Saturday, March 04, 2006

Pennsylvania Bulletin of March 4th*

Here’s the link

Of possible interest—

- IRRC – LIHEAP regs approved

- public utilities – telephone regs – petition of Consumer Advocate to amend chapter 63

* The only date which is a command

disability - consid. of evidence - duty to develop record - scope of magistrate judge's duty

Roman v. Barnhart - ED Pa. - February 28, 2006

This case involves a 10 year-old boy with hearing and speech impairment. The case was remanded because ALJ did not explain his consideration of the records of the child's primary physician and "did not appear to give meaningful consideration to the non-medical evidence from [the child's] teacher...." This evidence was directed "to be evaluated and subjectively considered by the ALJ."

An ALJ need not always give a comprehensive explanation for the rejection of evidence. In most cases a sentence or short paragraph will suffice. Here however "it does seem to be an inescapable conclusion the ALJ did fail to directly address evidence from" the teacher.

The Magistrate's Report did discuss this evidence. However, in doing so, the Magistrate "exceeded her limited scope of review...[I]t is rectify ALJ errors by making an independent analysis and relying on information not relied upon by the ALJ....rather than focusing only on the reasons set forth by the ALJ."

There is also a good discussion of the ALJ's duty to develop the record adequately, even where the claimant is represented by counsel. When the ALJ is aware of a report that is "reasonably necessary for the full presentation of a case," the ALJ on his/her own initiative "may" issue subpoenas for the material documents.

Donald Marritz
MidPenn Legal Services

disability - treating physician rule, etc.

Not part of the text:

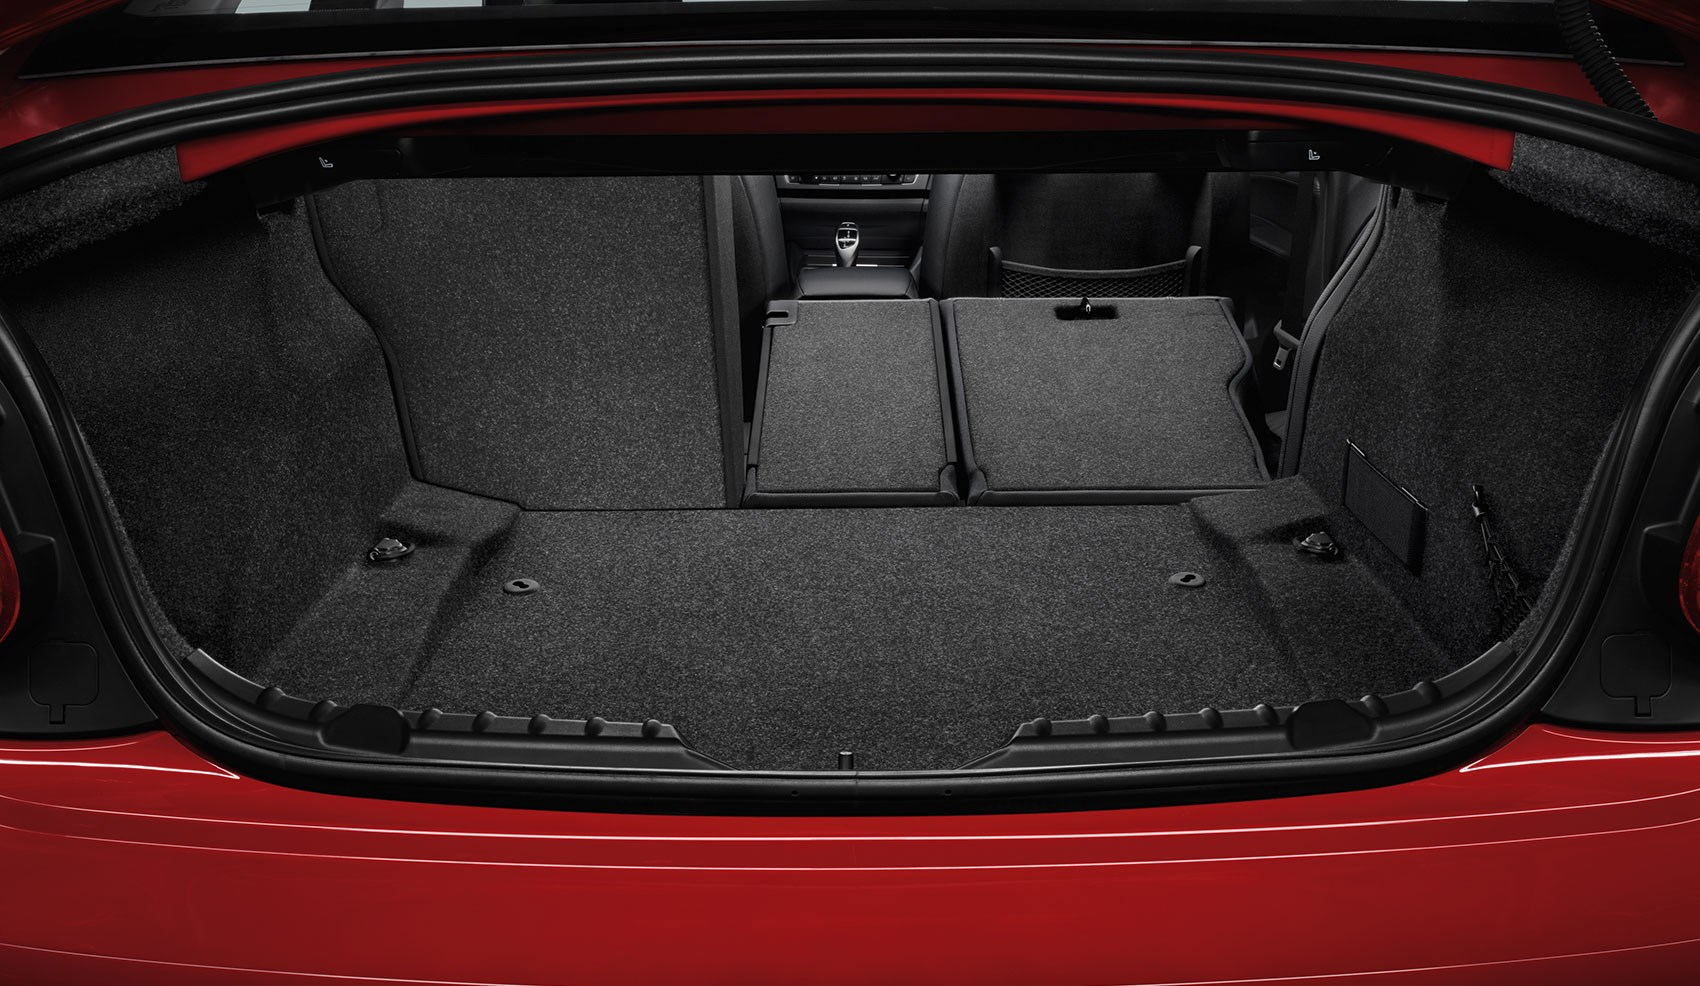 0 Down Lease Deals >> BMW 220d M Sport Coupe (2016) review by CAR Magazine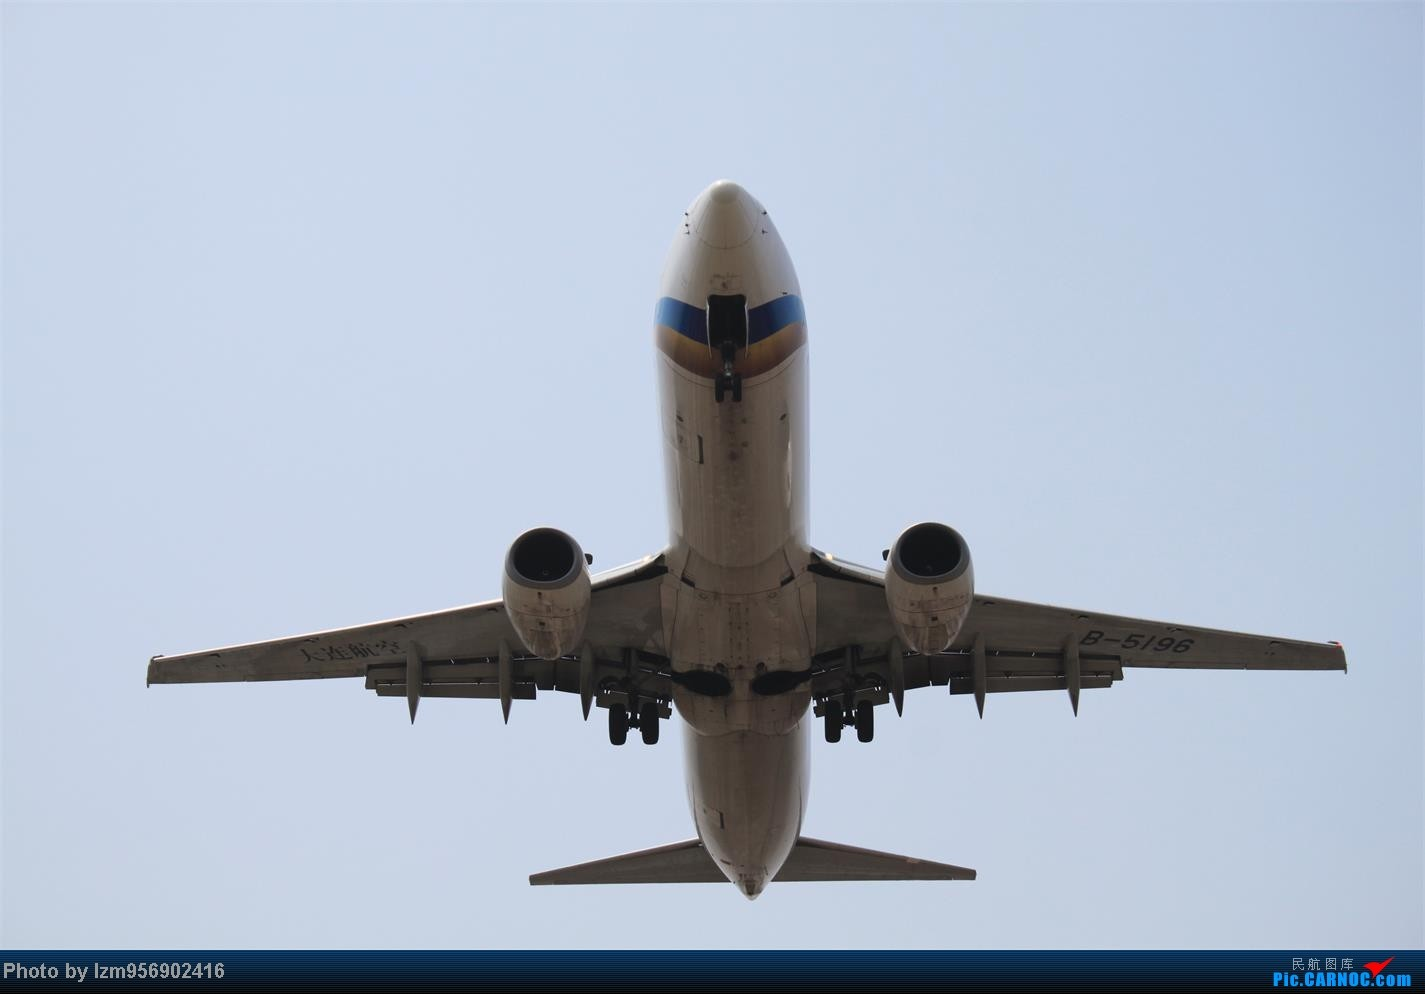 Re:[原创]DLC蹲点大半天,拍到了大棒航空772=w= BOEING 737-800 B-5196 中国大连周水子机场

Somenski v. Barnhart - ED Pa. - February 28, 2006

Summary judgment for Plaintiff.

treating physician - phys. not an advocate; opinion based on objective evidence
Good review of 3d Cir. law on treating physician rule, which the ALJ improperly discounted. The ALJ erred in holding that the doctor's opinion was undermined by the fact that he "was an advocate" for plaintiff in a worker's comp. proceeding. The adversarial nature of W/C proceedings does not affect the reliability of the [doctor's] testimony. An ALJ "may not disregard medical findings of examining physicians merely because it was offered as part of a worker's compensation hearing..."

In addition, the physician's opinions were not based on the claimant's subjective complaints but on an objective, detailed assessment of Plaintiff's functioning.

finding of another agency
Plaintiff had been granted disability benefits by a US Dept. of Labor ALJ in a Longshoreman & Harbor Worker's Comp. case, 33 USC 901 et seq. While that decision is not binding, 20 CFR 404.1504, is "entitled to substantial weight....If the ALJ reaches a contrary conclusion, the ALJ must offer an explanation of why he rejected the other agency's finding." The ALJ in this case "did not specify what amount of weight, if any, he accorded the... decision not did he explain his reasons for rejecting it, beyond the fact that it was not binding. Under controlling Third Circuit law, this was error."

subjective complaints
Claimant's accounts of pain were corroborated by the unrebutted opinions of all physicians. Even though an ALJ's credibility determination is "entitled to great deference," subjective symptoms must be considered and "may not be discounted if reasonably consistent with the objective evidence and other evidence in the record." Here the ALJ improperly discounted unrebutted medical opinions and "erroneously supplanted" the doctor's opinions "with his personal speculation."

V/E - hypo

The hypothetical question to the vocation expert must fairly encompass "all of an individual's significant limitations that are supported by the record." (emphasis in original) The hypo in this case was lacking because if did not take into account the severity of the plaintiff's psych. problems or any of his exertional limitations.

Noting a) that the 3d Circuit has expressed "frustration with the delays in disability determinations," b) that plaintiff applied for benefits more than 8 years ago, c) that the extensive record is unlikely to change and "constitutes substantial evidence that [plaintiff] is precluded from engaging in substantial gainful activity," the court awarded benefits.